Время близилось к полуночи, когда Коста закончил писать протест против закрытия женской осетинской школы.
— Вот, — сказал он, протягивая письмо Александру Цаликову, который уже несколько часов сидел у него, дожидаясь, пока документ будет готов. — Подпишемся первыми.
Отец Александр взял бумагу и стал медленно читать, покачивая головой:
— «Во все время своего существования школа пользовалась необыкновенной любовью и доверием осетин. В семидесятых и в начале восьмидесятых годов популярность ее достигла таких размеров, каких нельзя было предполагать при ее основании. Она не могла вместить всех желающих поступить в нее… Она нам дала неутомимых тружениц для наших сельских школ.
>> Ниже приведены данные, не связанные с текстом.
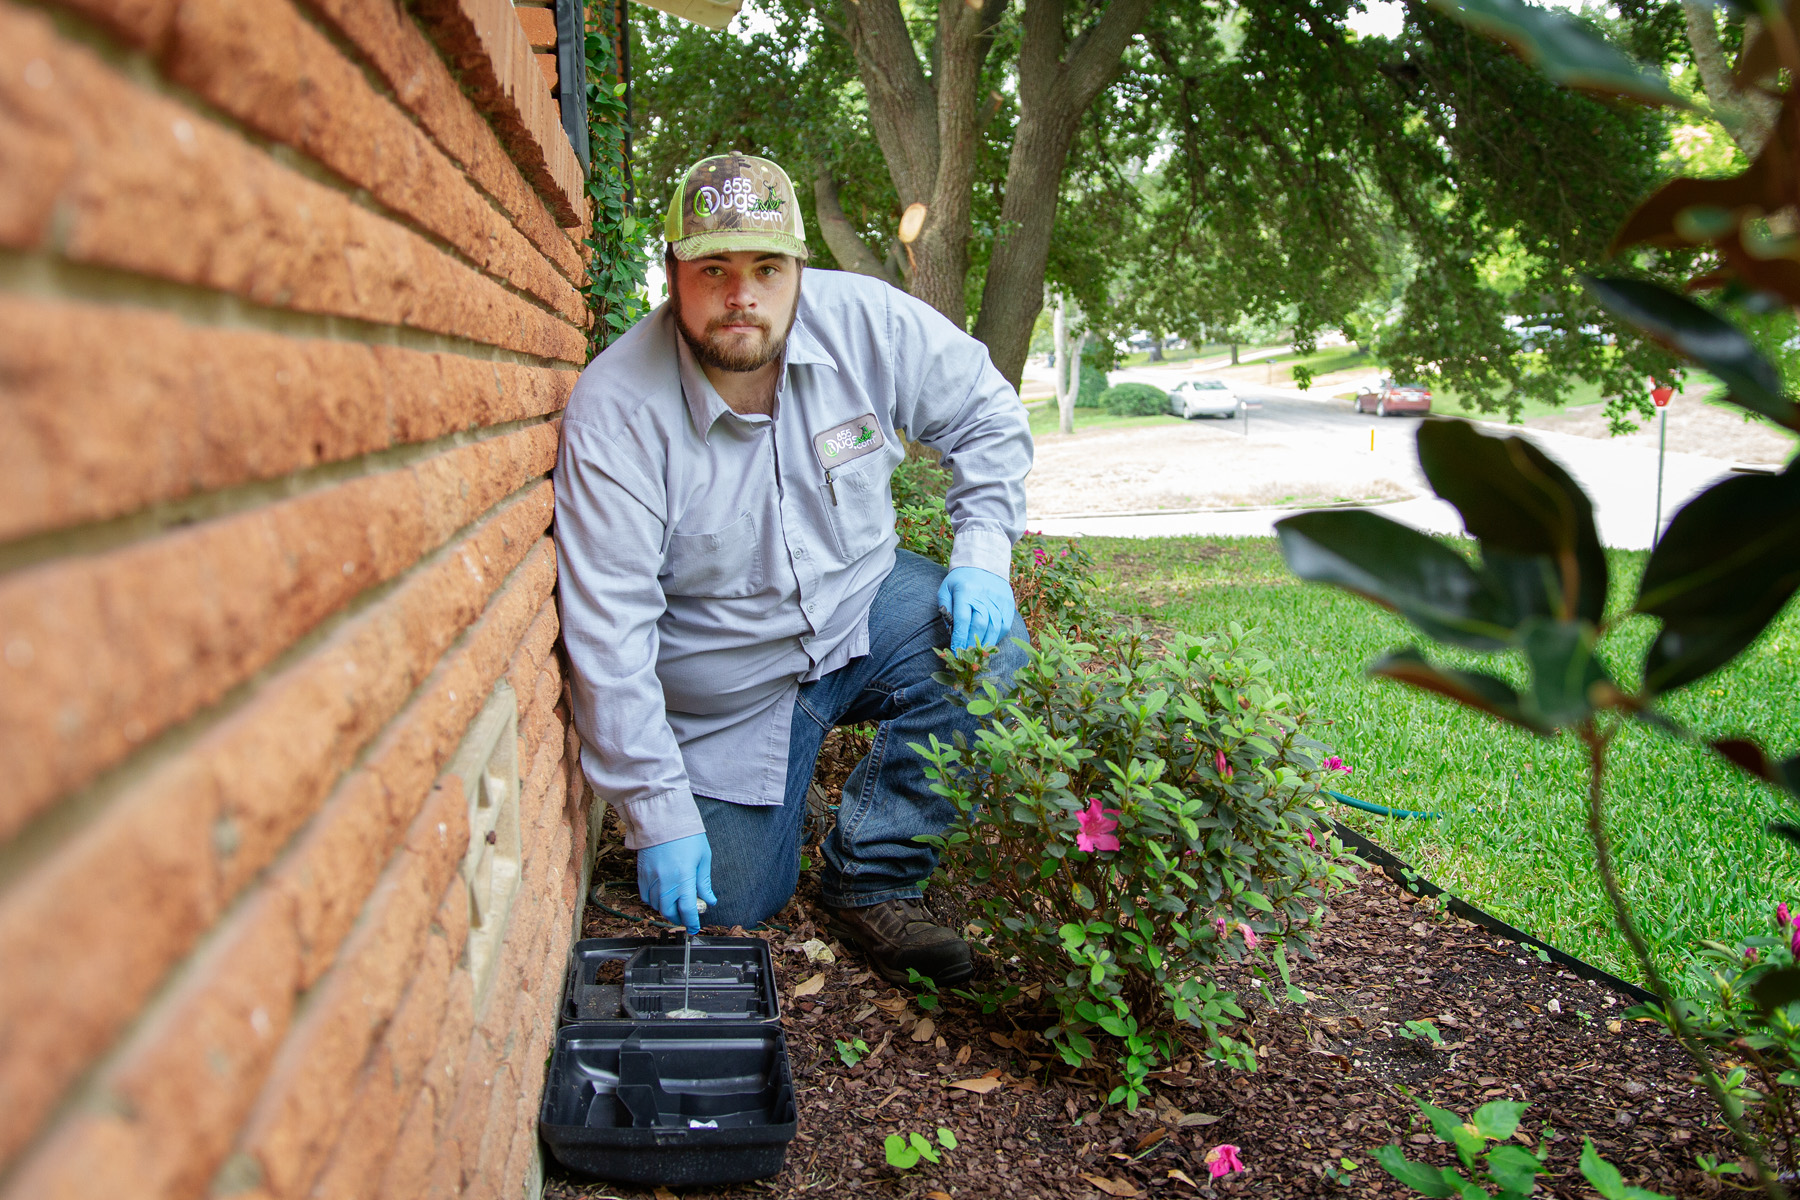 An 855Bugs technician is tending to a bait trap outside a brick home in Waco, Texas.

Школа эта становилась насущной потребностью всего народа…
5 января приехавшая из Тифлиса комиссия без объяснения причин и мотивов сорвала вывеску… Осетинской женской школы. Нет сил и уменья передать всю глубину горя, причиненного целому народу этим неожиданным распоряжением. Нет слов и красок, чтобы передать раздирающие душу сцены у подъезда бывшей… Осетинской школы».
— Надо бы смягчить немного. Очень уж резко написано, — сказал Цаликов. — Побоятся газеты такое печатать.
— Смягчить тот кошмар, который мы имели удовольствие пережить сегодня? — Коста удивленно приподнял брови. — Ни в коем случае! Добьемся, чтобы напечатали. В Петербург пошлем…
— Ну, знаешь ли, дружище! Мне моя голова еще пригодится, — возразил Цаликов.
— Да что тебя так смущает?
— Вот, например, вопрос: «По какому праву?..» Права начальства, как известно, неограниченны.
— Читай-ка дальше!
— «Школа эта, — прочел вслух Цаликов, — насаждала в отдаленных уголках горной Осетии неувядаемые зародыши просвещения… Во все времена своего существования школа пользовалась необыкновенной любовью и доверием осетин… Трудно себе представить глубину горя, причиненного осетинам этим событием…»
От волнения Цаликов не мог больше читать, отложил бумагу и, ни слова не говоря, четким размашистым почерком подписал бумагу.
— Тот, у кого есть в груди сердце, — сказал Коста, — не останется безучастным к происшедшему.
Цаликов заторопился домой.
— Бог видит, бог поможет, — сказал он на прощание, но в голосе его не было уверенности. — Приятных тебе снов, друг мой.
Но Коста было не до снов. Он знал, что сегодня должна приехать Замират, и очень тревожился.